What personalized styling services like Stitch Fix are advocating, however, take much of that personal choice away, on the premise that their data science can do it better. They are trying to change the shopping habit, by delaying that gratification, and delivering a surprise at the end. This will not appeal to many people. The fashionistas and fast fashion fans, who account for majority of the apparel market, will prefer that instant reward of choice. While they may try out personalized styling services, they are unlikely to stick around. There is no fierce loyalty to Stitch Fix, since it is a service, not a brand with evocative attributes. Also, the idea of relinquishing personal apparel choices to an algorithm can prompt a degree of defensiveness, especially with those who pride themselves as having good tastes.
Consequently, Stitch Fix is left with people who do not enjoy the shopping experience and would rather outsource it. But how valuable are these customers? From the cohort analysis above, not very. Stitch Fix customers seem to be spending less over time, or disappearing altogether. People with inherent disinterests in shopping are not as valuable as the fashionistas and fast fashion fans, who can be relied upon to keep buying.
No Man’s Land
Fashion needs to excite and engage. Nike did wonders with Michael Jordan back in the 80s, and it continues to produce dividends to this day. For years, H&M has been collaborating with the hottest designers like Lanvin and Viktor&Rolf to remain part of the zeitgeist.
Buzz sells. Algorithm by itself does not. Nordstrom just shut down Trunk Club, after years of trying to turn it around. THE YES, another personalized styling service, has been sold to Pinterest, which is only keeping the technology and plans to sunset the THE YES app as well as website post merger. These demises may suggest that the apparel box business model in its current form may have existential challenges.

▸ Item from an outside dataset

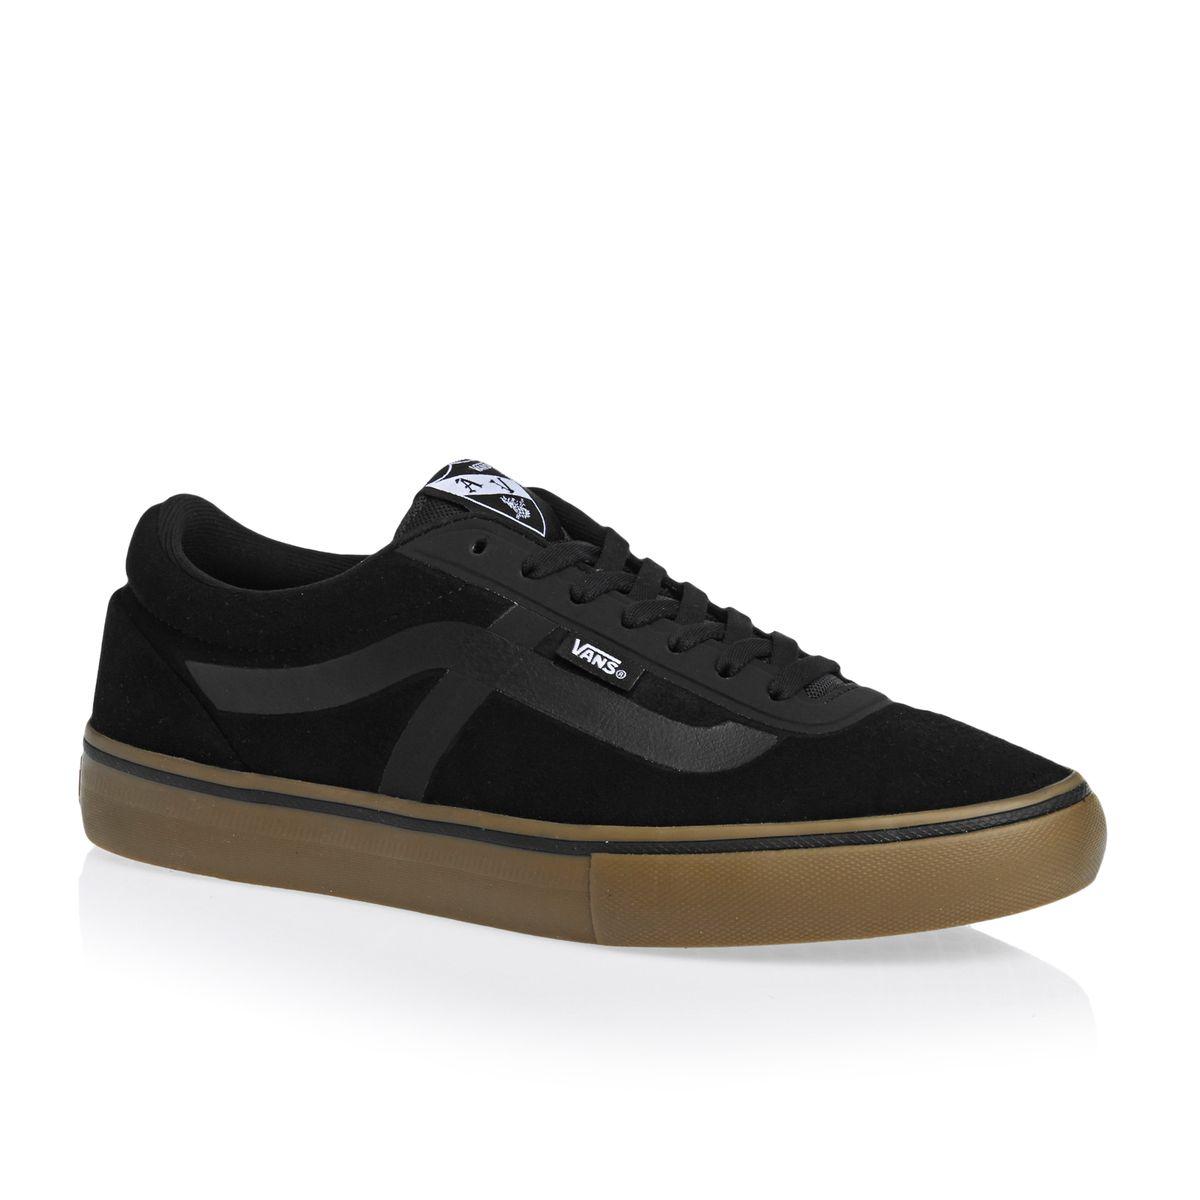 7d175c60692a0b Vans AV Weld Pro - Black  Gum

Stitch Fix offers convenience for people who are not so keen on shopping or clothes, but they are a limited breed with sporadic purchases. Venturing outside of this core demographic further dilutes the stickiness. Without offering any enticing collections, Stitch Fix does not appeal to mainstream shoppers either. It is a tough no-man’s land.
As for the stock, it is dwelling in similar ambivalence, being neither a high-growth brand nor a marketplace aggregator.